According to the Binutils change logs (grab a copy of the latest binutils at http://ftp.gnu.org/gnu/binutils/):


> ld/ChangeLog-0203, --exclude-libs first appeared (Smith's 05/2002 comments).
> ld/ChangeLog-2004, --exclude-libs was tuned (and the PE target was removed) (Jacobowitz's 10/2004 comments).

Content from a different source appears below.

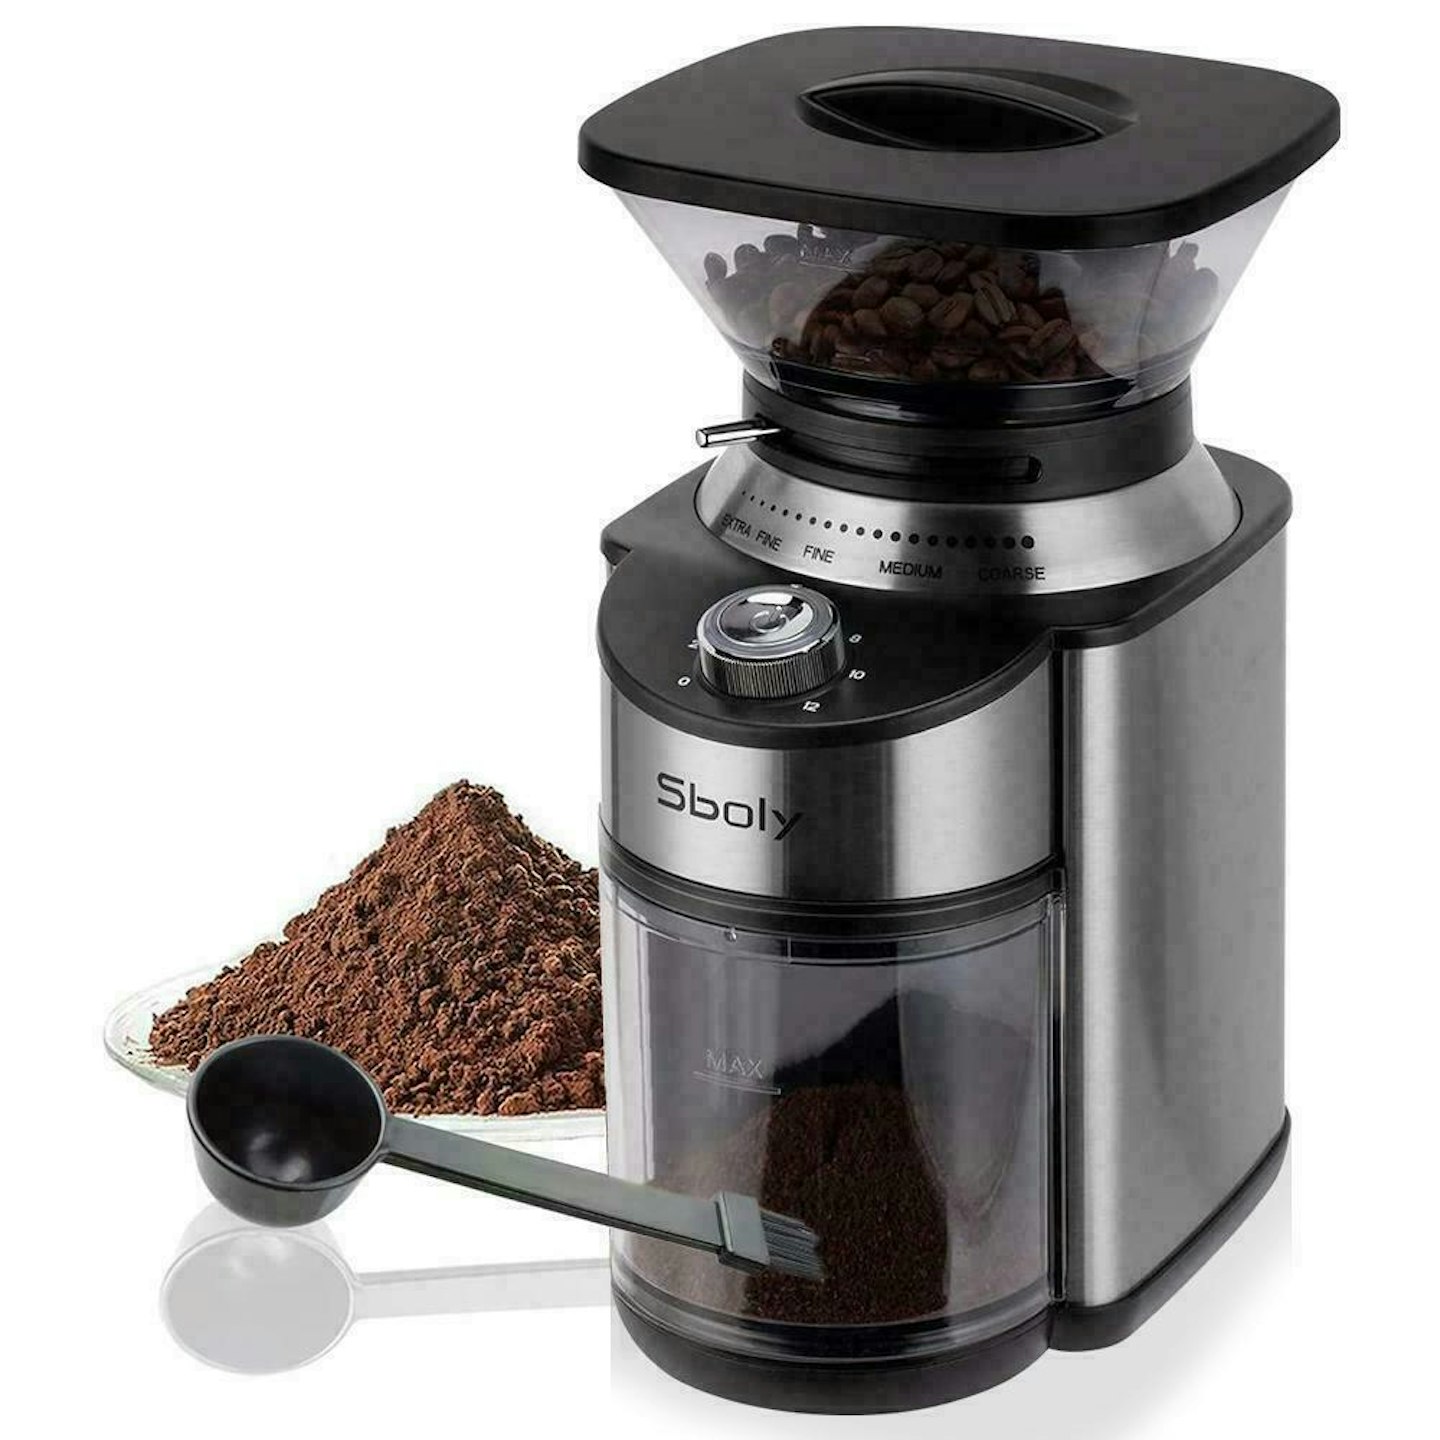 Sboly Conical Burr Coffee Grinder Stainless Steel 19 Settings 2-12 Cups
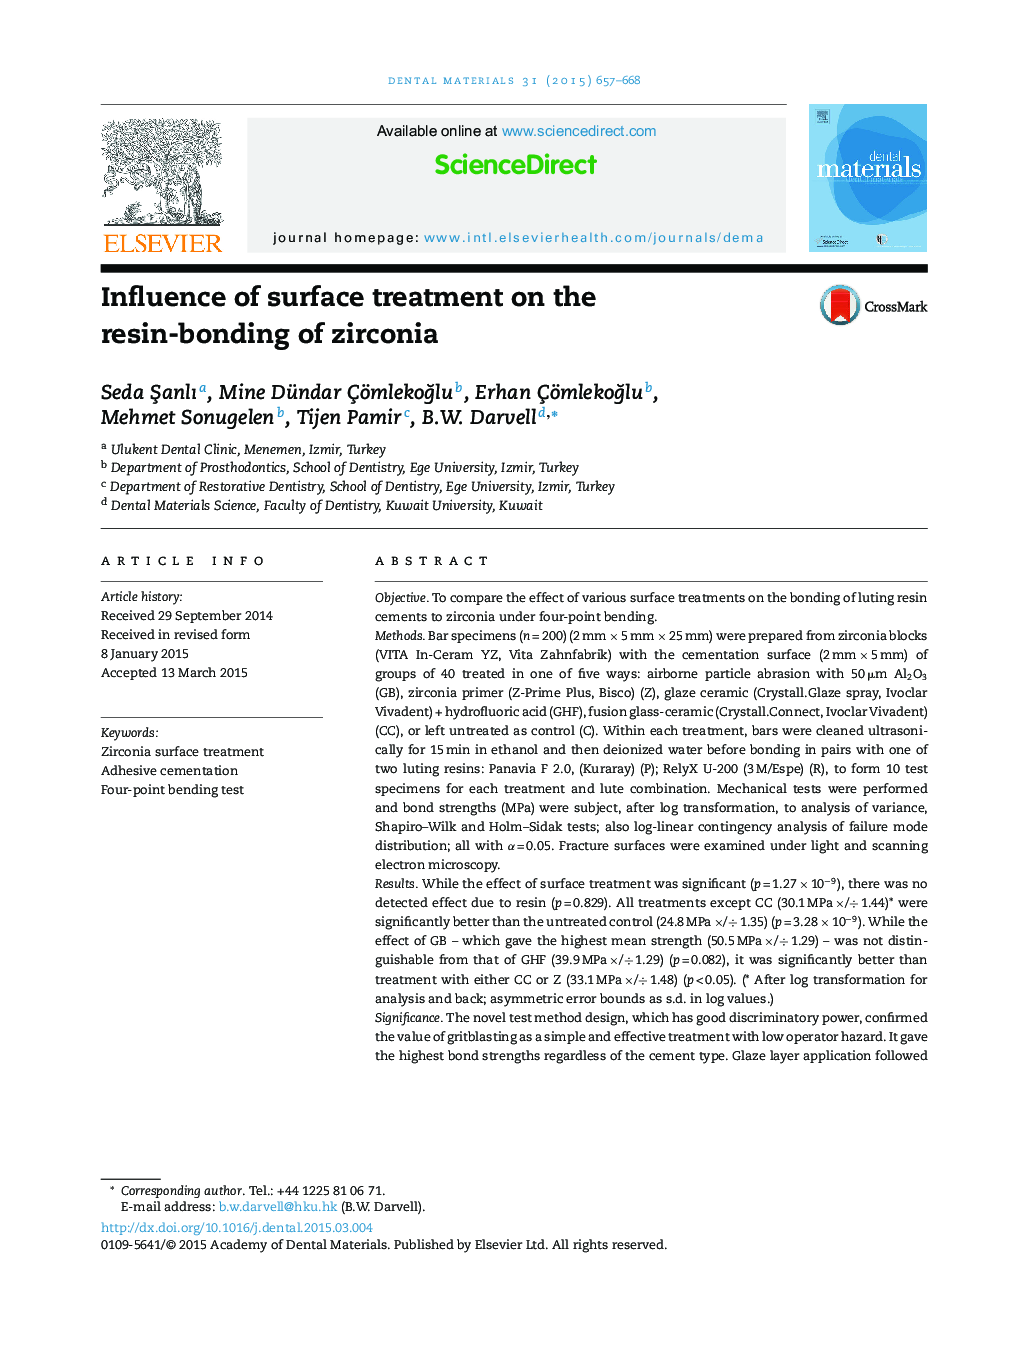 Influence of surface treatment on the resin-bonding of zirconia

Based on the dates, I believe Binutils 2.12 (and above) should support --exclude-libs.

FreeBSD 8.2 ships with version 2.15:

```
$ ld --version
GNU ld version 2.15 [FreeBSD] 2004-05-23
Copyright 2002 Free Software Foundation, Inc.
```

However, when it comes time to perform final linking of a shared object (DSO), the link fails because ld does not understand --exclude-libs.

Any ideas?

Jeff


----------



## noloader (Sep 13, 2011)

Forgot to mention.... Here's why '--exclude-libs,ALL' useful. In the library below, we don't export *any* Crypto++ symbols, yet 7200 have crept into the export table:


```
[jeffrey@germain]$ $ uname -a
FreeBSD germain.home.pvt 8.2-RELEASE FreeBSD 8.2-RELEASE #0: Fri Feb 18 02:24:46 UTC 2011
     [email]root@almeida.cse.buffalo.edu[/email]:/usr/obj/usr/src/sys/GENERIC  i386
[jeffrey@germain]$ nm -D --extern-only --defined-only lib/libesapi-c++.so | grep -i cryptopp | wc -l
    7208
```


```
$ uname -a
Linux studio 2.6.32-33-generic #72-Ubuntu SMP Fri Jul 29 21:07:13 UTC
2011 x86_64 GNU/Linux
jeffrey@studio$ nm -D --extern-only --defined-only lib/libesapi-c++.so | grep -i cryptopp | wc -l
2
```


----------



## noloader (Sep 14, 2011)

Ian Lance Taylor (from the Binutils mailing list) kindly provided the information. Though the dates appear correct, my leap to Binutils 2.15 was wrong.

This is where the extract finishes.